Dubai-headquartered developer Amea Power has commissioned a 120 MW solar project in Tunisia, the country’s largest to date.
Located in the Kairouan governorate of northeastern Tunisia, the project is expected to generate approximately 222 GWh of electricity annually, enough to power around 43,000 homes.
It is Tunisia’s first solar project above 100 MW in size and first under the country’s concession regime, a legal framework designed to attract private, large-scale energy investors, to achieve both financial close and commercial operation.
Amea Power began building the project in May 2024. A 20-year power purchase agreement with Société Tunisienne de l'Electricité et du Gaz (STEG), Tunisia's state-owned national electricity and gas utility company, was signed in June 2021 and ratified by the Tunisian government in 2022.
A statement from Amea Power adds it is also the first renewable energy project in Tunisia with an integrated substation using a loop-in/loop-out configuration, as well as the first to inject power directly into the 225 kV high-voltage transmission network belonging to STEG.

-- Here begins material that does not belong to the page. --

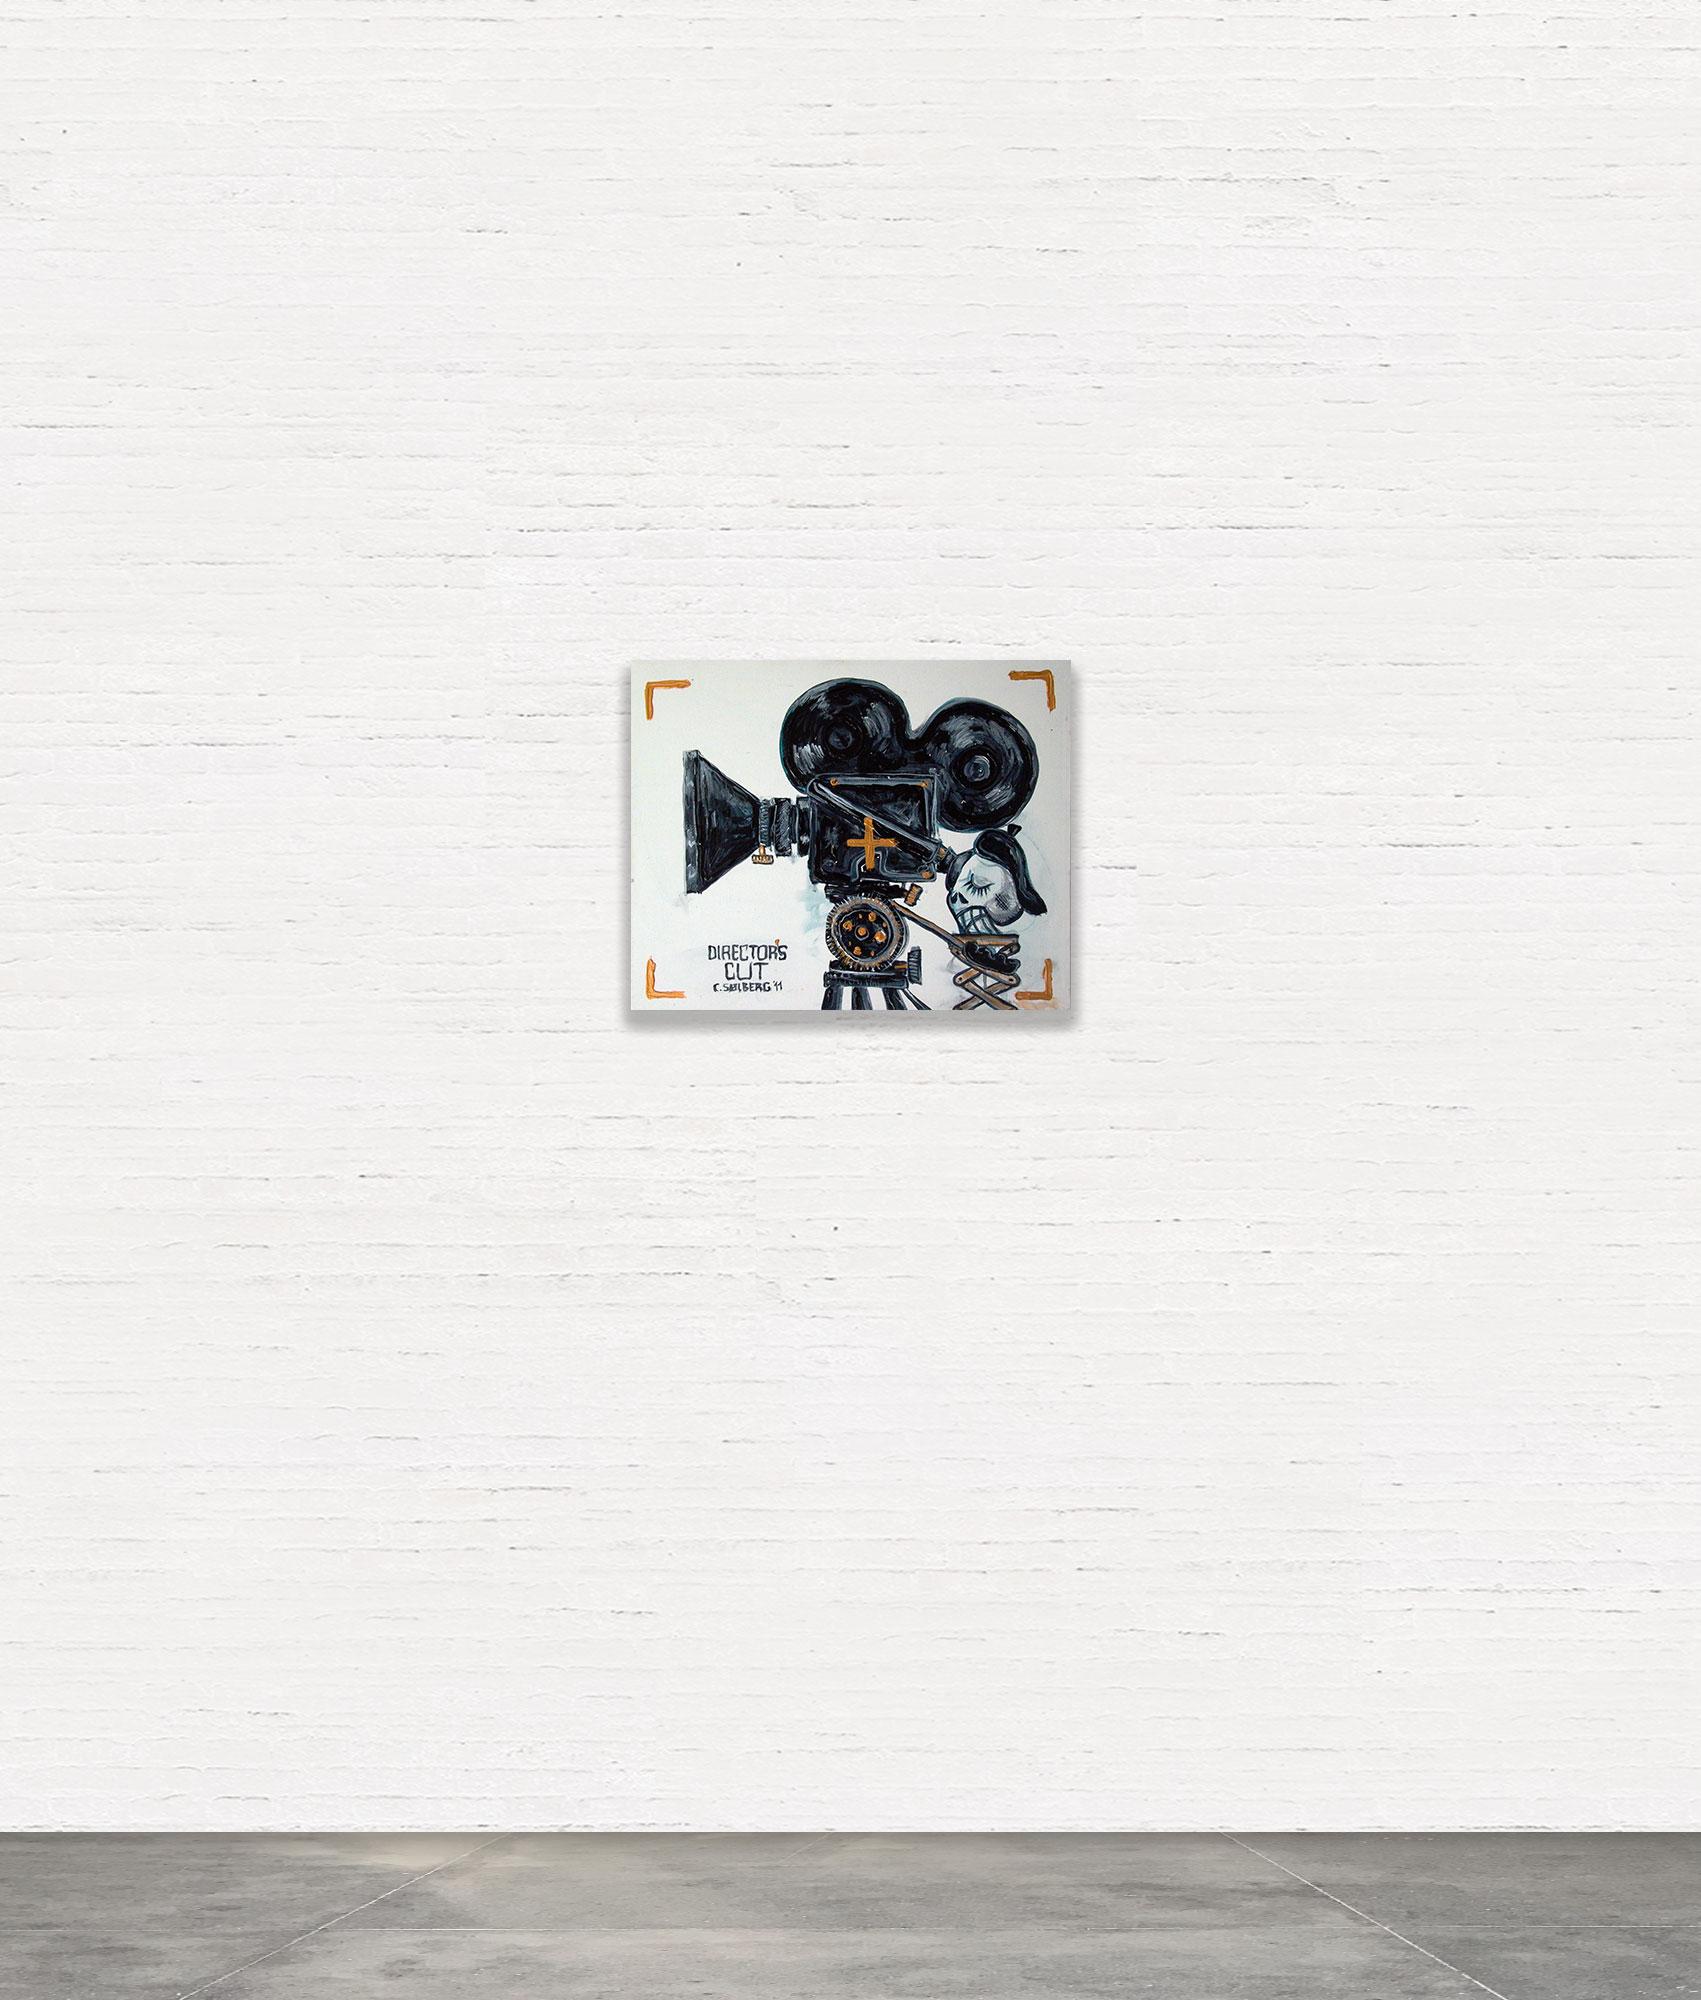 Casper_Soelberg_paintings_DirectorsCut.jpg
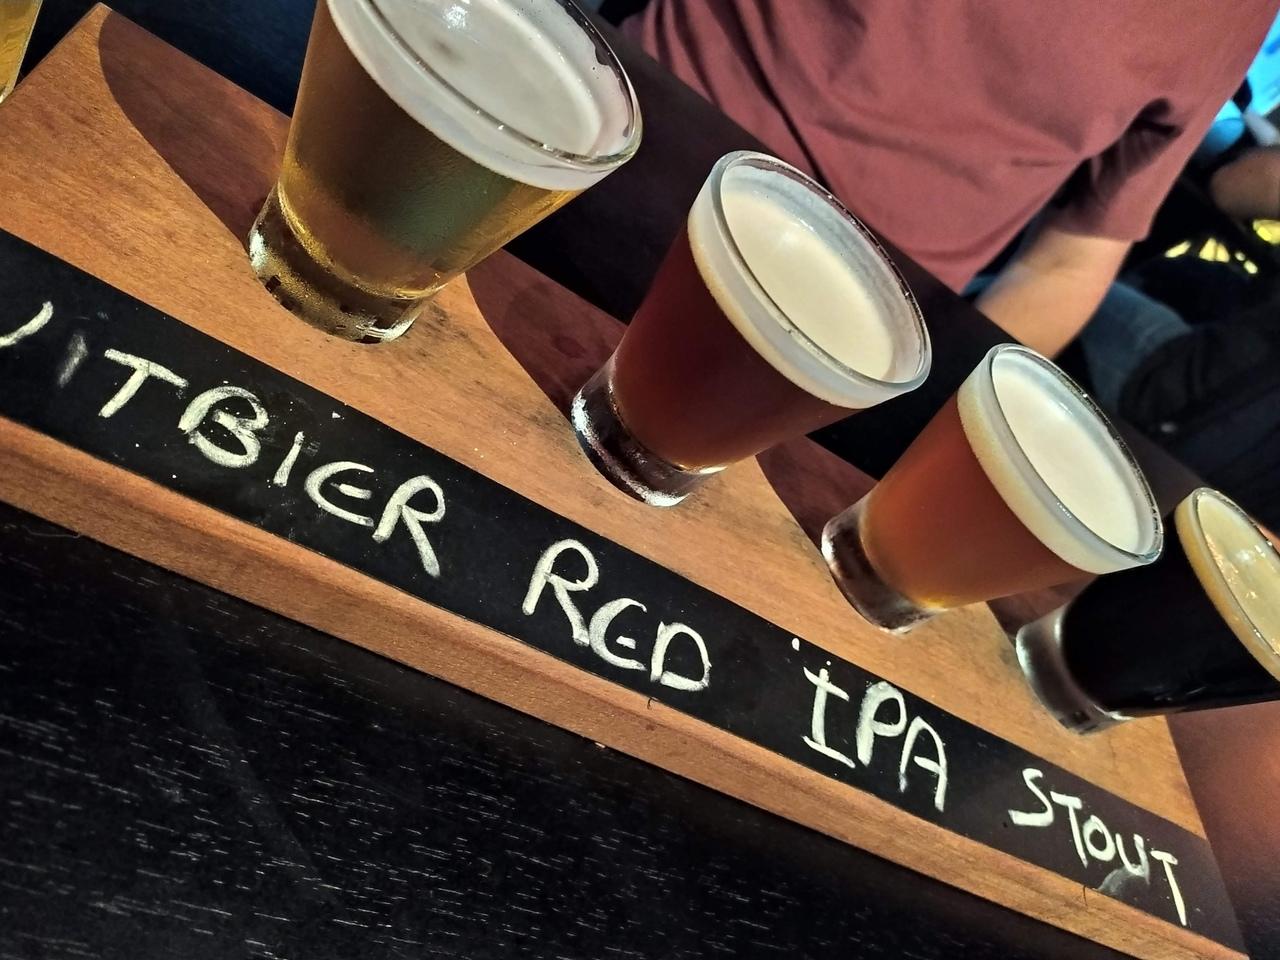 Tábuas de degustação são ótimas opções para quem quer provar novos estilos e sabores. Em cada copa, um tipo de cerveja diferente para se degustar. Foto: Divulgação

The project was financed by the International Finance Corporation (IFC) and the African Development Bank (ADB).
Amea Power Chairman, Hussain Al Nowais, said the project strengthens the country’s energy security and reflects Amea Power’s “unwavering commitment to Tunisia’s long-term renewable energy development.”
The Africa Solar Industry Association's (AFSIA) project database states Tunisia has 728.8 MW of operational solar capacity. With Amea Power's plant now online, the country will be moving closer towards the 1 GW benchmark.
In March, the Tunisian government granted licenses for four new utility-scale projects with a combined capacity of 500 MW. The projects were selected under a 1.7 GW renewable energy tender.